When homework time is also screen time

For older children, homework is often on a laptop or tablet. This makes the screen rules harder, but more important. The most effective approach is to keep the device in a shared space, not the bedroom, during homework. The supervision doesn't have to be active, just possible. Children focus better when distraction is one click further away.

If homework is genuinely killing your evenings

Some homework loads are unreasonable. If you have tried setup, support, and routine, and homework is still consuming all of your child's evening, three weeks of this is enough information to email the teacher. Be specific: "X worksheet took 45 minutes today. We worked on it together, and they understand the concept. The volume seems high." Most teachers will take this seriously, especially when more than one parent raises it.

And remember: a child's evening should also have rest, play, family time, and sleep. These are not optional extras, they are how the brain consolidates everything it learned in school. Homework that crowds them out is, on net, hurting learning, not helping it.


Questions parents ask us

How much homework is appropriate by grade?

The 10-minute rule is widely used: about 10 minutes per grade level per night. So Grade 3 should be around 30 minutes, Grade 5 around 50, Grade 8 around 80. Consistently more than that may be worth raising with the teacher.

Should I help my child with their homework?

Help with reading the questions, organising their plan, and being available, but don't do the work or correct every answer. A wrong answer left in the homework gives the teacher useful information. Children who are over-helped learn helplessness, not the subject.

What time of day is best for homework?

For most children, 30 to 60 minutes after school, with a snack and short break first, works best. Right before dinner is too late, and right after walking through the door is too early. Test what works for your child and keep it consistent.

My child takes hours on homework that should take 20 minutes. What's going on?

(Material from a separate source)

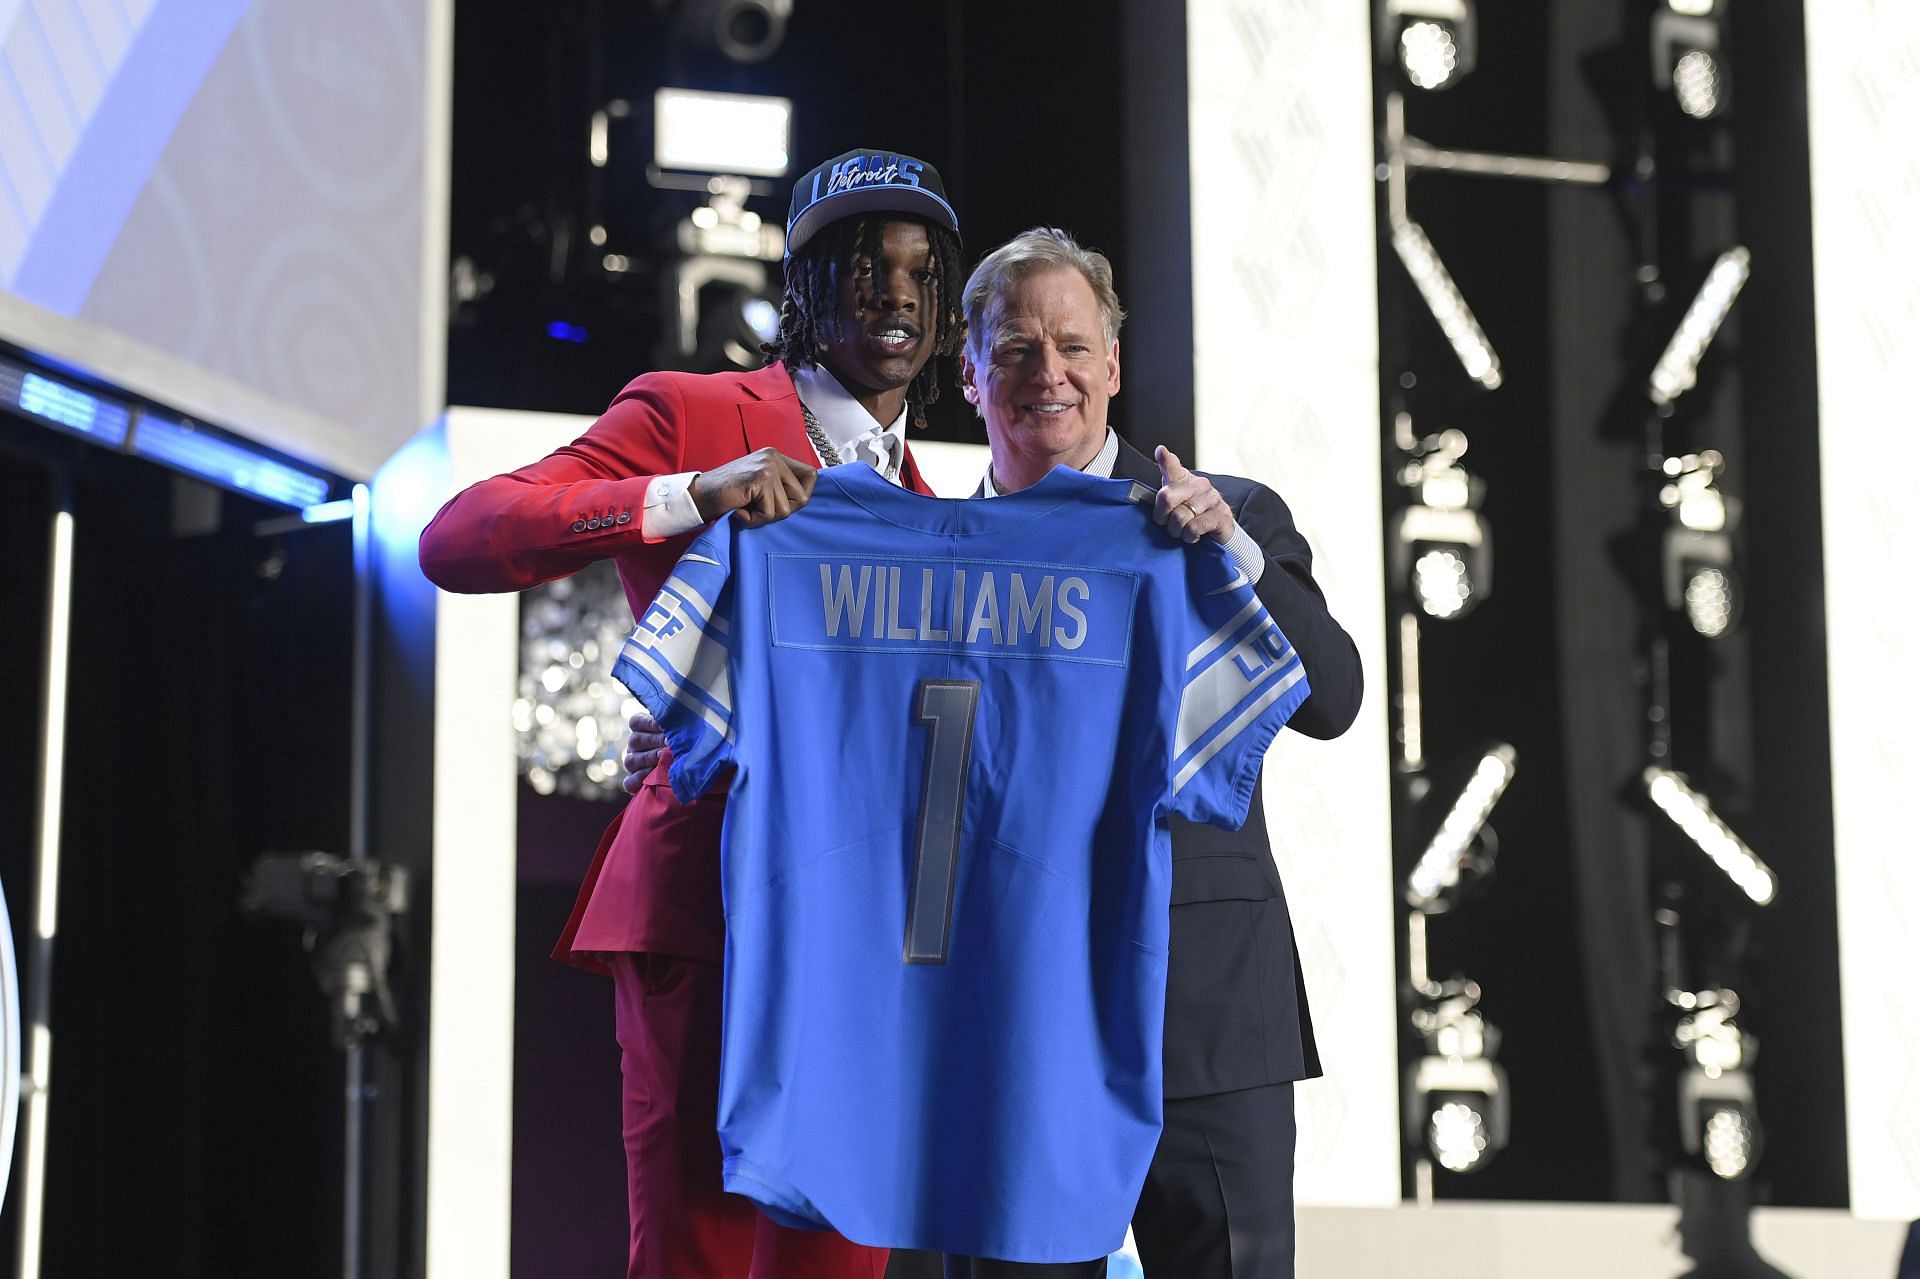 2022 NFL Draft - Round 1, Detroit selects Jameson Williams with the 12th pick

Usually it's distraction or the work being too hard. Try a focused 25-minute block with no screens nearby. If they still can't finish what should be a short task, the work may be above their current level and the teacher should know.

Should homework be done before play?

Most children do better with a short break and snack between school and homework, not before play and not at the end of the day. The brain needs a small reset, but not a full re-energising session.

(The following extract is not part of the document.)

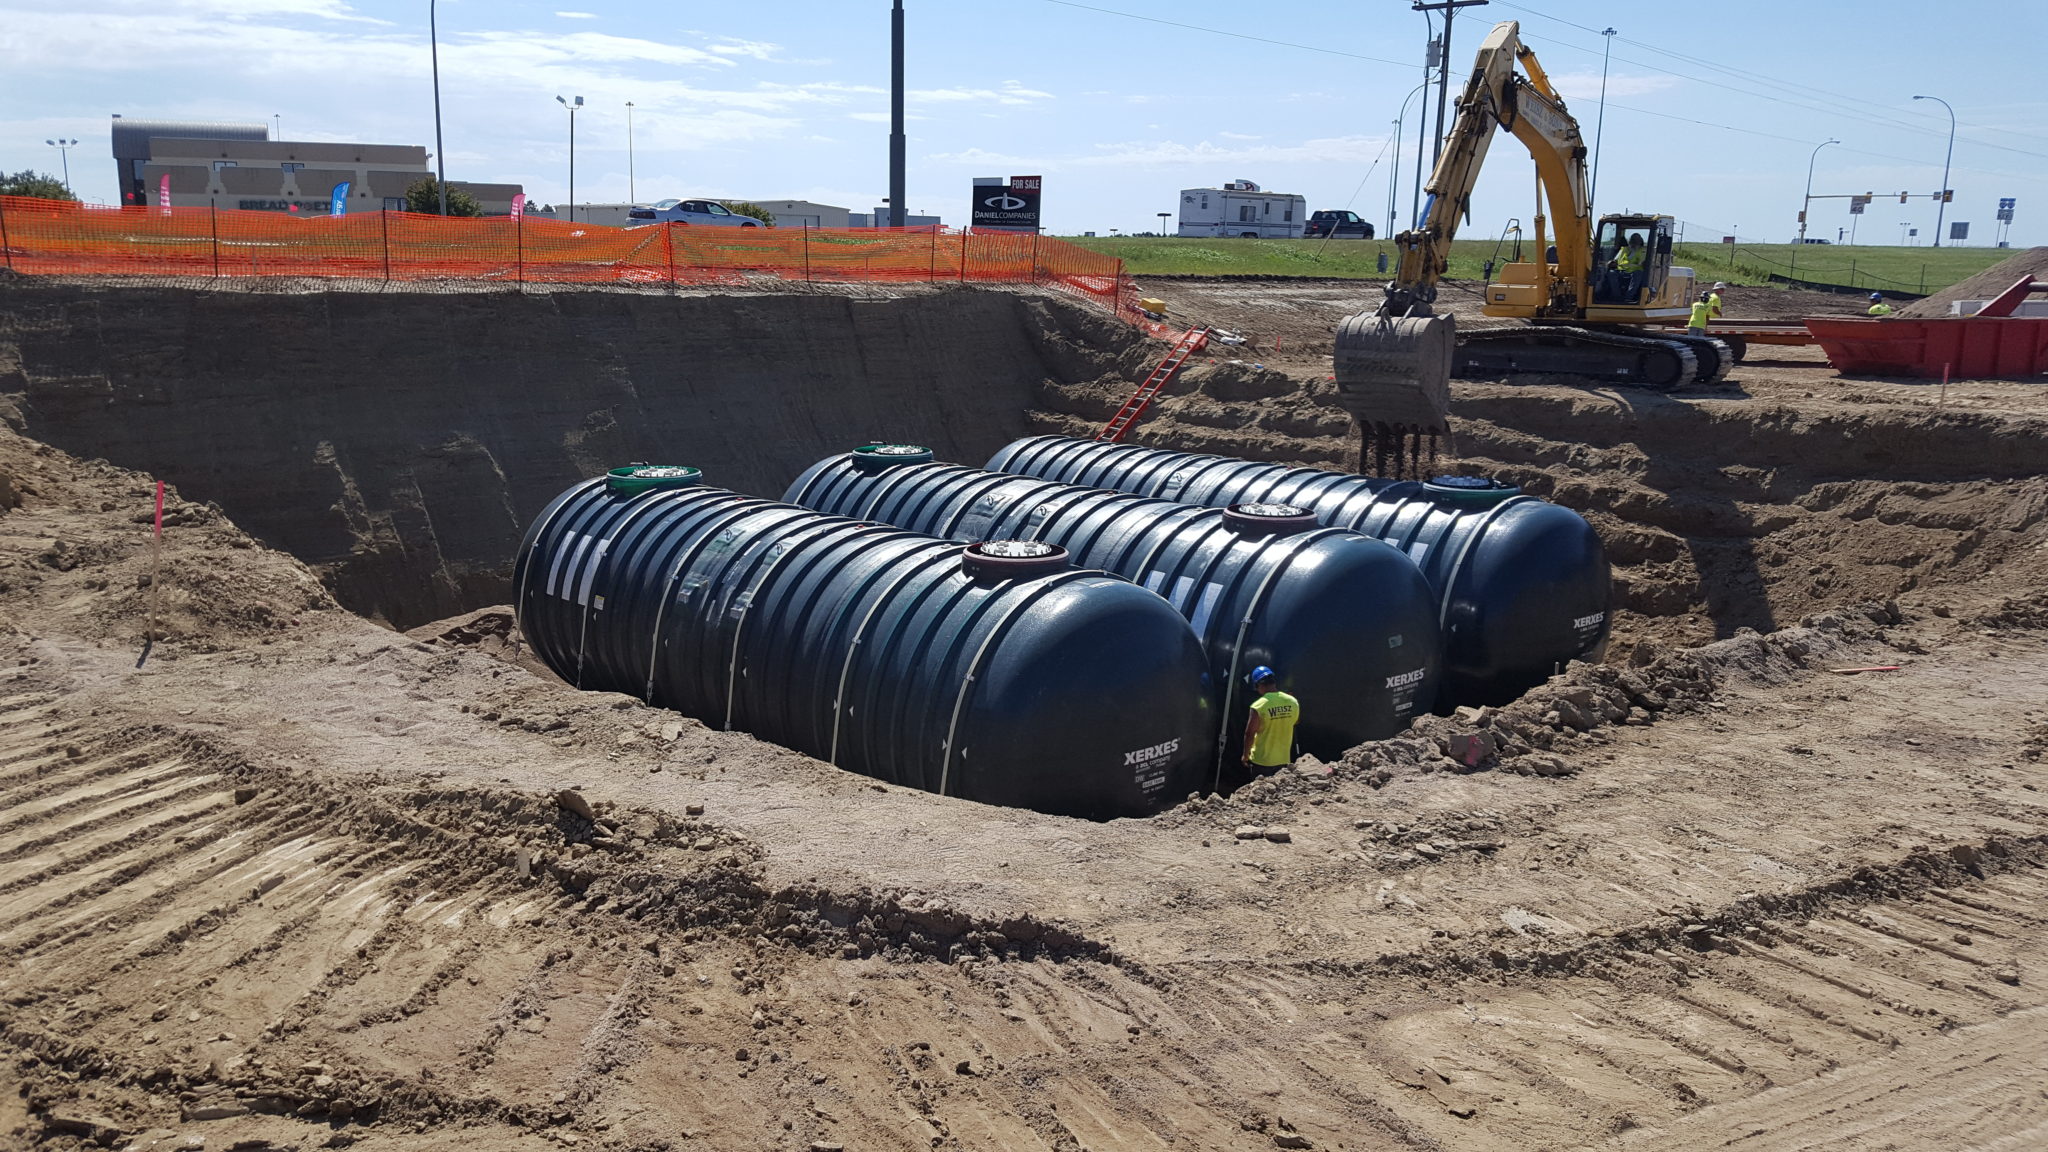 Tanks in ground with construction

Is it okay to write a note to the teacher saying we couldn't finish?

Absolutely. In fact, teachers value this honesty. It tells them the child tried, and it tells them where the difficulty was. Don't finish work for your child to "keep up appearances".

The aim of these years is not perfect homework, it is a child who, by 14, knows how to sit down at a desk, decide what to do first, focus for a stretch, and finish what they started. Those skills will outlast every worksheet they ever bring home.